Stereoscopic Camera for OpenGL · 2010-02-10 02:15 by Black in

Even to create stereoscopic content digitally, cameras are used. But more than real cameras, a lot of freedom and control lies in the hands of the user. The position and projection can be freely decided without respecting things like the size of the camera, inexactness in the manufacturing of their optics or their weight.

For further reading, see Paul Bourke’s Page on stereo pair creation.

Camera Theory

Cameras in OpenGL are defined by filling the modelview matrix and the projection matrix with values. The modelview matrix defines the position of the camera relative to the origin or the object space, the projection matrix defines how coordinates in space are mapped to screen.

The projection matrix can be chosen freely, but normally two basic types of cameras are used: Orthographic and Perspective.
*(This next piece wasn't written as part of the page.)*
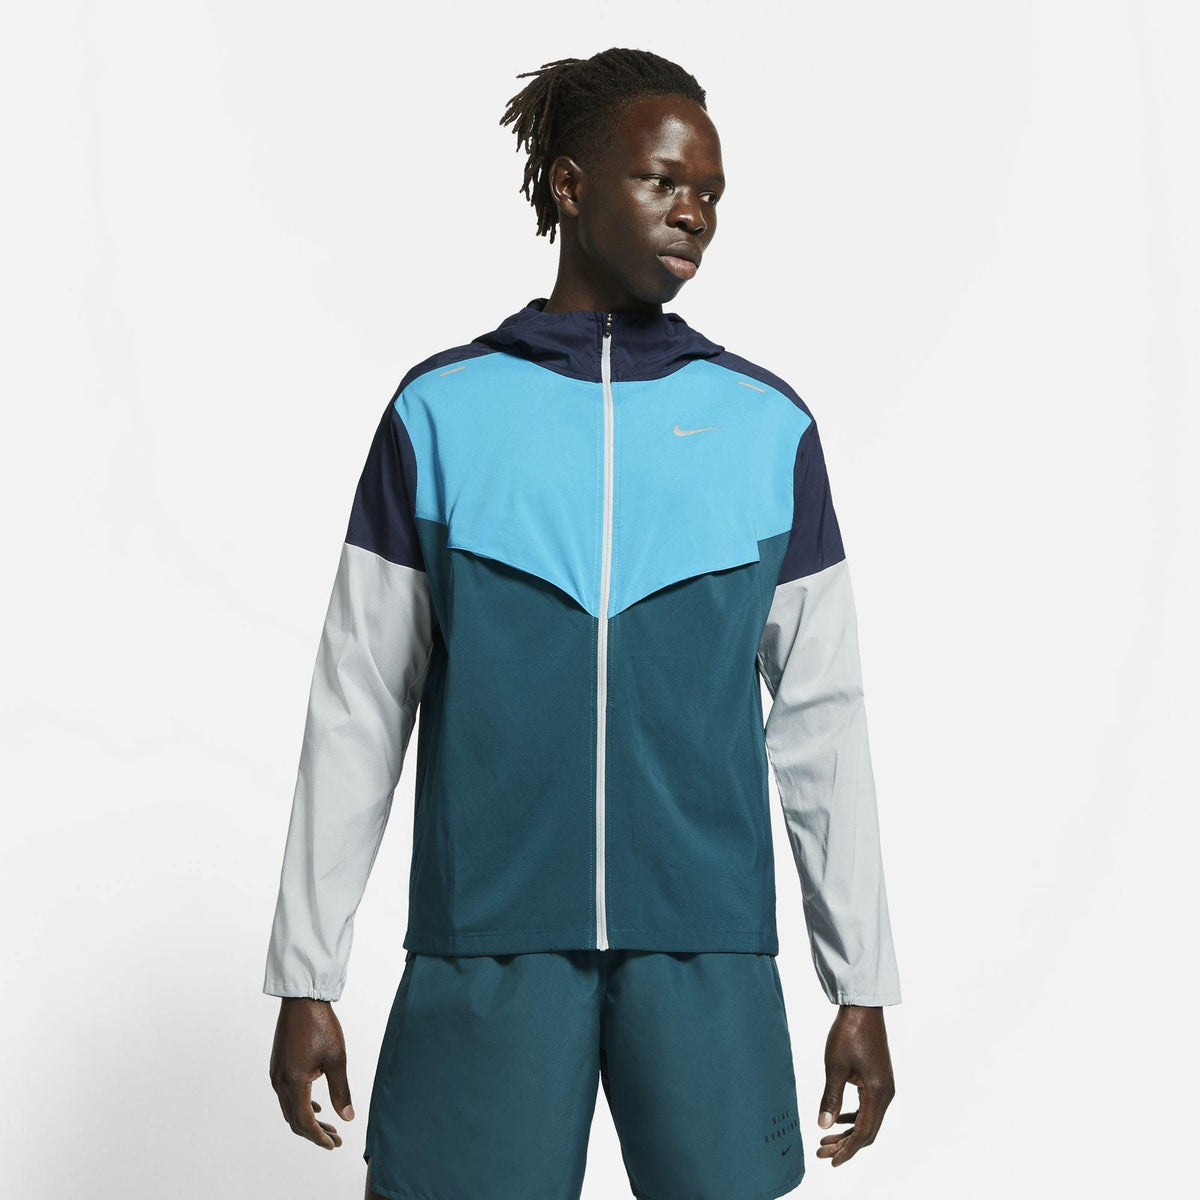 Men's Windrunner Jacket, Nike

Perspective cameras create projections very similar to how the human eye sees the world, objects appear smaller the further they are from the camera. Orthographic cameras project objects preserving parallel lines and their proportions. It is mostly used in technical drawings.

Stereo Pairs

A simple method to use perspective cameras to create stereoscopic footage is to converged their viewing axis. With hardware cameras, this is often used for macro recordings or recordings in closed rooms. The advantage is that the parallax plane is determined when recording, so post-processing needs are low. In addition, the cameras do not have to be as close together as in the next method. The biggest drawback is that the left and right sides of the image do not overlap and have to be cut away or ignored, and that the divergence behind the parallax plane is very strong and can easily lead to unfuseable content. This method should be avoided when ever possible.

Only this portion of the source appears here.